Thursday, February 12, 2009

OBIEE "Selling" federated query's

One of the powerful features of OBIEE is the possibility of federated query's. Sadly in most sales pitches we tend to emphases the technical part instead of the practical part. Every now and then there is a BI-manager in the audience who really knows his stuff and starts asking the wright/wrong questions. In this article I want to show you some of the pitfalls when trying to "sell" federated query's.

The most common demo is we get all the data up to last night from our DWH and add today's data from the OLTP system.
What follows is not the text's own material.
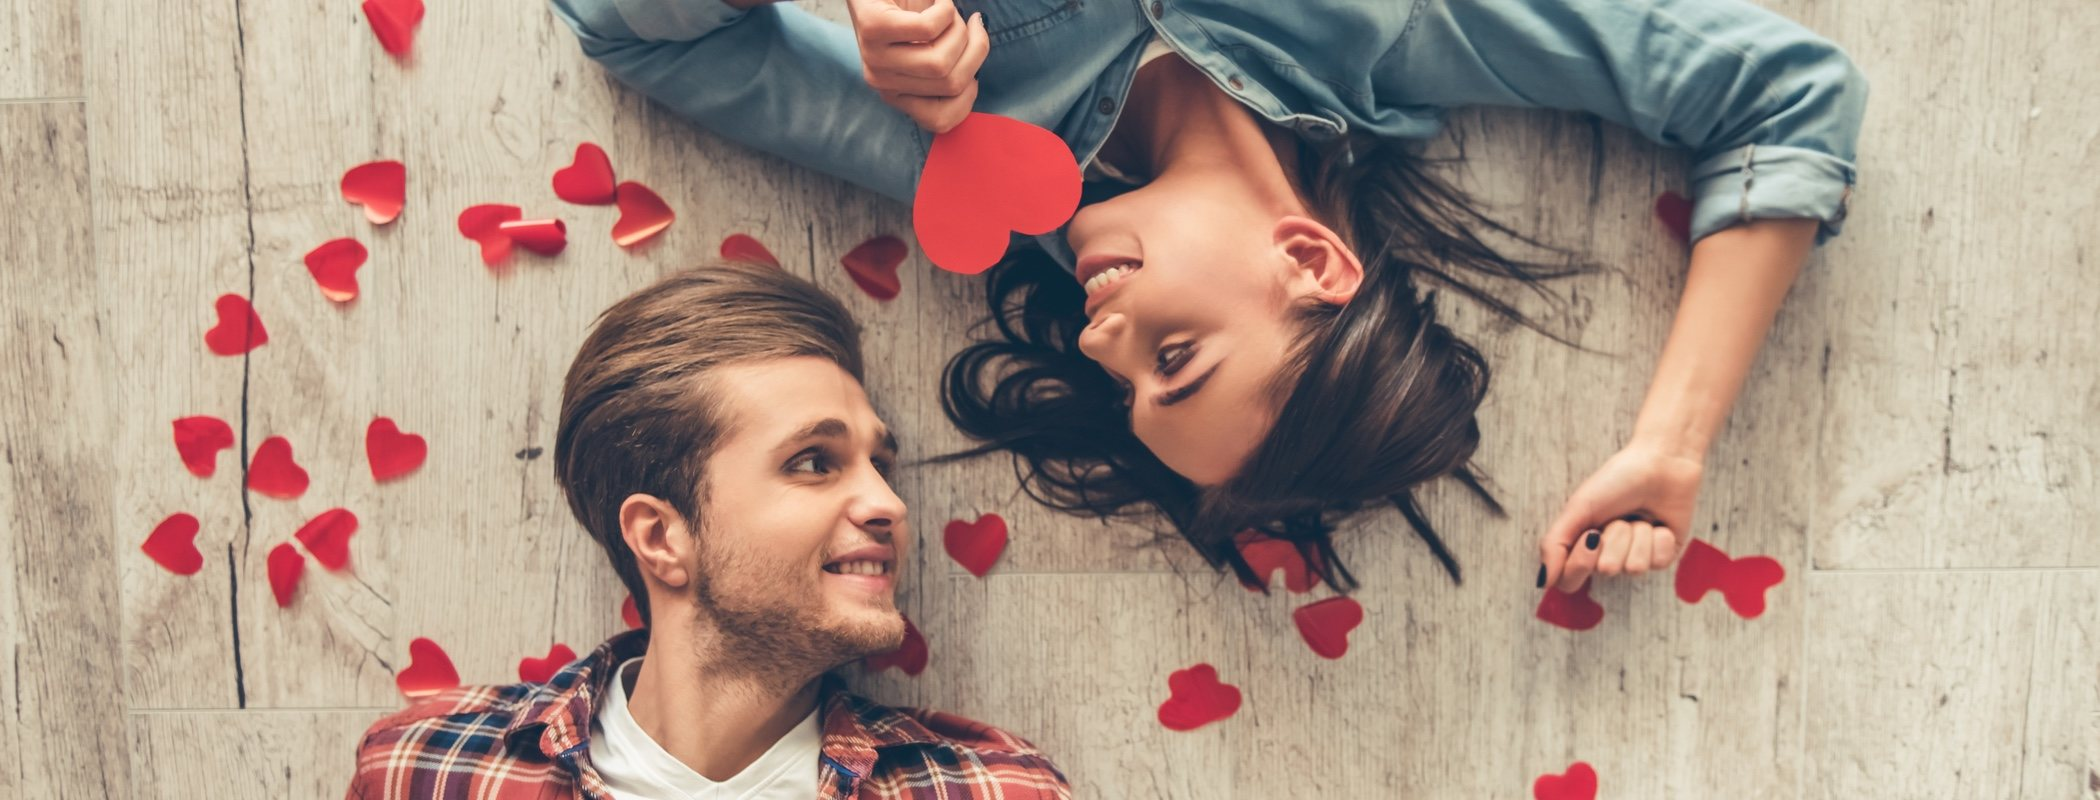 San Valentín en distintos países: así se celebra

Pitfall #1: Creating unstable reports.

Most managers tend to bring paper printouts of there reports to the meeting. This means that the printout for manager 1 at 09:10 will different from the printout for manager 2 at 09:15. This leads to useless discussing of the numbers on the report.

Pitfall #2: Wasted energy

A DWH generally contains data over a long period of time. For strategic or tactical discussions today's unstable data is not significant compared to the amount of historical data. A federated query would be a unnecessary claim of recourses of the OLTP system.

Pitfall #3: Uncleansed data

The ETL process which loads the DWH often cleanses the data from the OLTP system. (FI: Don't count invoices from department '999'). If these rules aren't covered in the RPD it will lead to the wrong numbers.

Does this mean you should use federated query's against an OLTP system at all? Of course not! Just think about the result your are trying to get. Try confining the federated query to a specific level. (FI: Use in only when a day to day comparison is made.)

Till Next Time

3 comments:

stijngabriels said...

Hi John,
agree with the pitfalls you described, but in my opinion these pitfalls are not related to federated queries but related to using real-time data for reporting.
So the question I have after reading this article: do you think that the "OLTP+OLAP demo" is the best business case for "selling" federated queries?

Cheers,
Stijn

John Minkjan said...

Hi Stijn,

No I don't think the standard "OLTP+OLAP" demo is a good business case "selling" federated queries. There are far better demos to be made if you are willing to invest some time.
Yes you are right that these pitfalls are related to using real-time data for reporting. Sadly in many sales pitches federated query's are sold with the demo metioned in the article and therefore "mentally" connected with federated querys's.

Regards john

Anonymous said...

In my opinion federated queries are also a bad idea to report across multiple OLTP systems with medium to high data volumes.

From my experience this just works with the smallest of systems.

Have a look at Bill Inmon's rant about data federation or virtual data warehouses as he calls them. Actually one of the items both Kimball and Inmon agree on.